В стихах третьей «Воронежской тетради» Мандельштам уже начал готовиться к расставанью. В Воронеже он в последний раз поддается «тоске по мировой культуре» и вступает в общение с любимыми поэтами (Эсхил и Софокл, Данте и Вийон), музыкантами и художниками. Последние пользуются на страницах «Воронежских тетрадей» особенным гостеприимством: Микеланджело, Рейсдаль, Рафаэль, Рембрандт, Брейгель. Этот цикл о художниках Мандельштам — поэт, оторванный от всех картин на свете, — завершает 9 марта 1937 года изображением «Тайной вечери» Леонардо да Винчи. Он стоит перед нею «как мальчик», с холодеющей спиной и «ноющими» глазами, и заклинает «новые раны» старинной фрески.

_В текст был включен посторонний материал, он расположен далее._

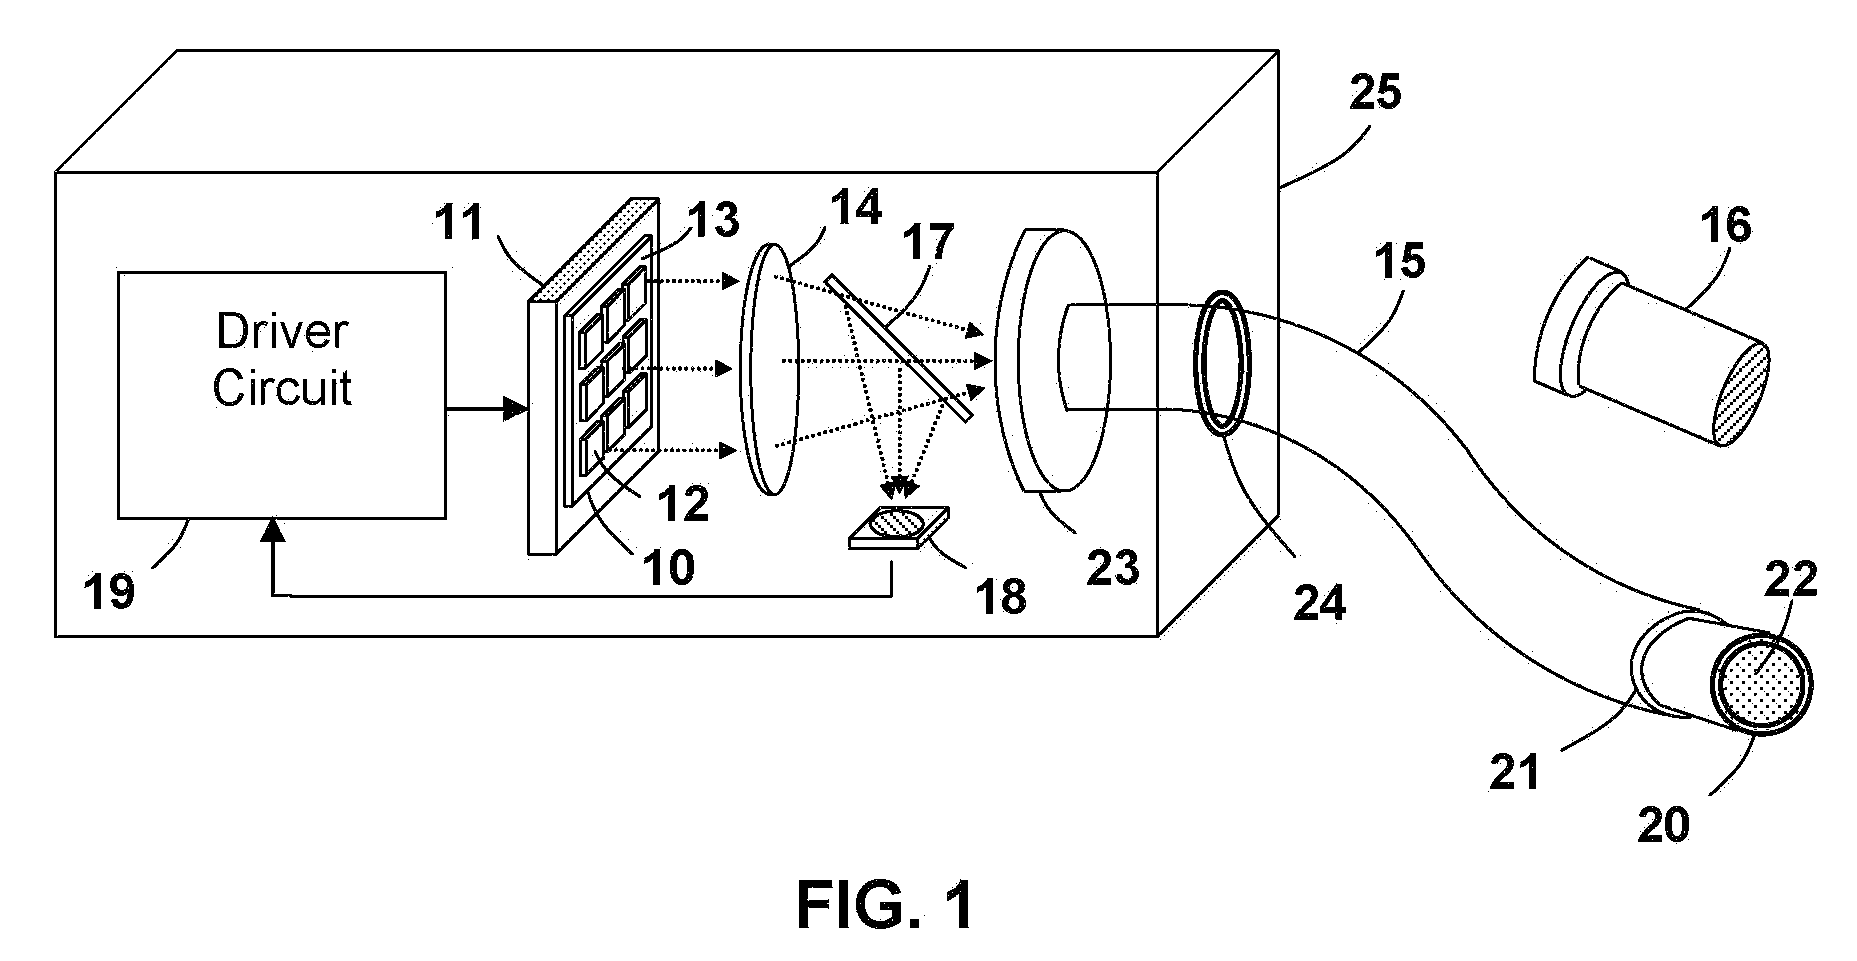 Light emitting apparatus for medical applications

Мандельштам прощается и с местами, дарившими ему полноту восторга, — очагами той самой «мировой культуры», к которой он всегда стремился. 3 марта 1937 года он создает брызжущее светом стихотворение, в котором прощается с Францией; его собственные воспоминания о пребывании в Париже в 1907–1908 году калейдоскопически сменяются чередой литературных, архитектурных, кинематографических и исторических реминисценций. Здесь — отголоски чаплинского фильма «Огни большого города» и оперы Бизе «Кармен», видения Собора Парижской Богоматери и Эсмеральда, героиня романа Гюго, Тристан и Изольда… (III, 126–127)[379].

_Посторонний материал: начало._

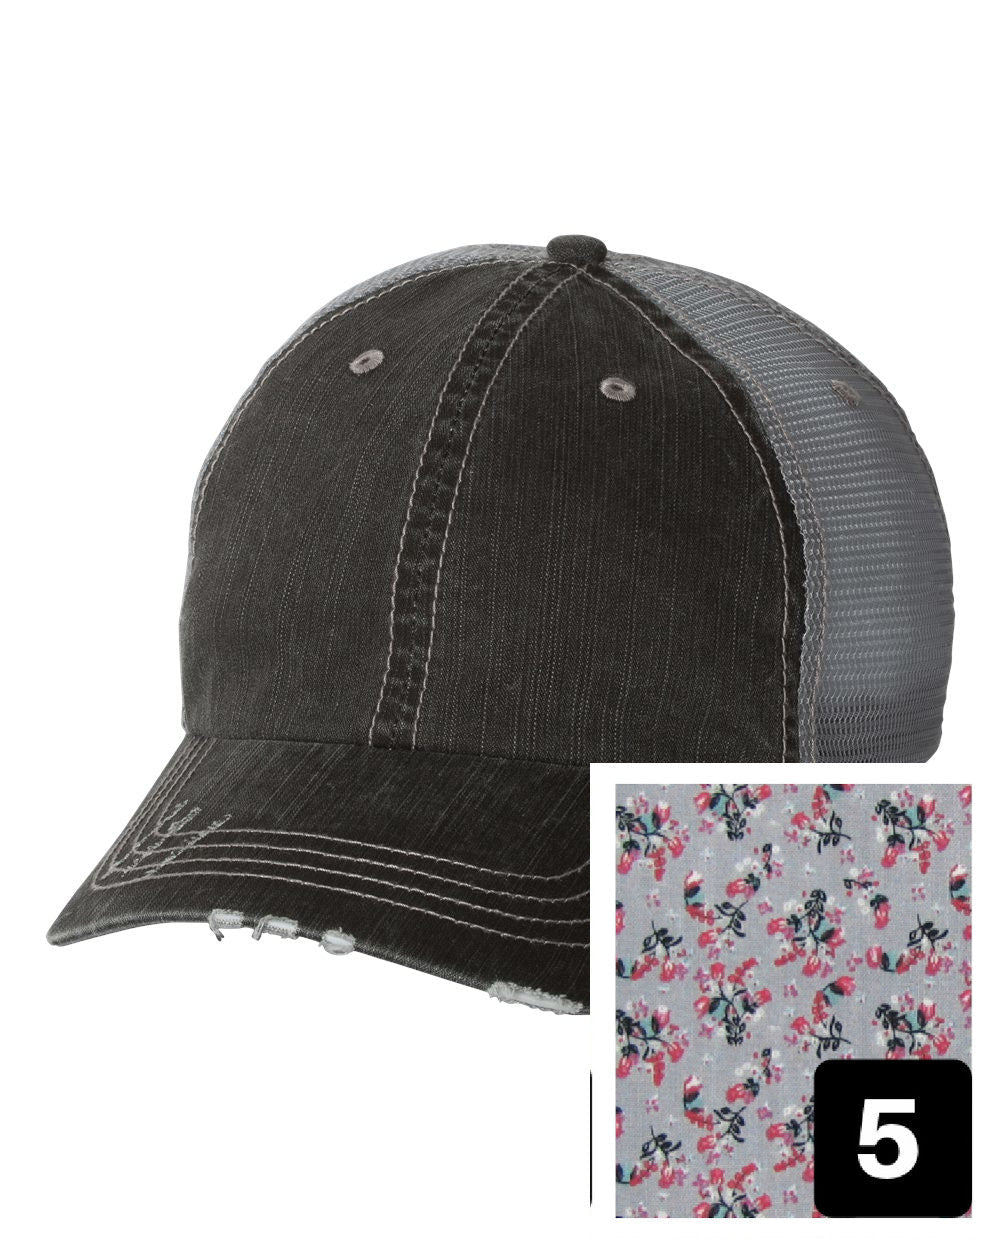 gray distressed trucker hat with purple and pink floral fabric state of Indiana

А в стихотворении «Рим», написанном 16 марта 1937 года, он прощается с Италией. Правда, облик «вечного города» — и это Мандельштам отмечает с болью — искажен и омрачен фашизмом: присутствием «диктатора-выродка» Муссолини. По улицам города маршируют чернорубашечники, «коричневой крови наемники», «мертвых цезарей злые щенки». А художественный ореол Рима? «Все твои, Микель Анджело, сироты, / Облеченные в камень и стыд» (III, 131).
В то же время прощание Мандельштама с античностью (стихотворение от 21 марта 1937 года), на которое его вдохновили греческие вазы скромного воронежского музея, озарено средиземноморским светом. Играющие дельфины эпохи минойской культуры превращаются у Мандельштама в императив жизни:
Гончарами велик остров синий —
Крит зеленый, запекся их дар
В землю звонкую: слышишь, дельфиньих
Плавников их подземный удар? […]
Выздоравливай же, излучайся,
Волоокого неба звезда,
И летучая рыба — случайность,
И вода, говорящая «да» (III, 133).
Последние стихи «Воронежских тетрадей» — о смерти и воскресении. Это свидетельства веры в жизнь и смиренного приятия смерти, заключительные аккорды витальности. Из стихотворения «Заблудился я в небе — что делать?..» (написано между 9 и 19 марта):
Не разнять меня с жизнью: ей снится
Убивать и сейчас же ласкать,
Чтобы в уши, в глаза и в глазницы
Флорентийская била тоска. […]
И когда я умру, отслуживши,
Всех живущих прижизненный друг,
Он раздастся и глубже, и выше —
Отклик неба — в остывшую грудь (III, 129).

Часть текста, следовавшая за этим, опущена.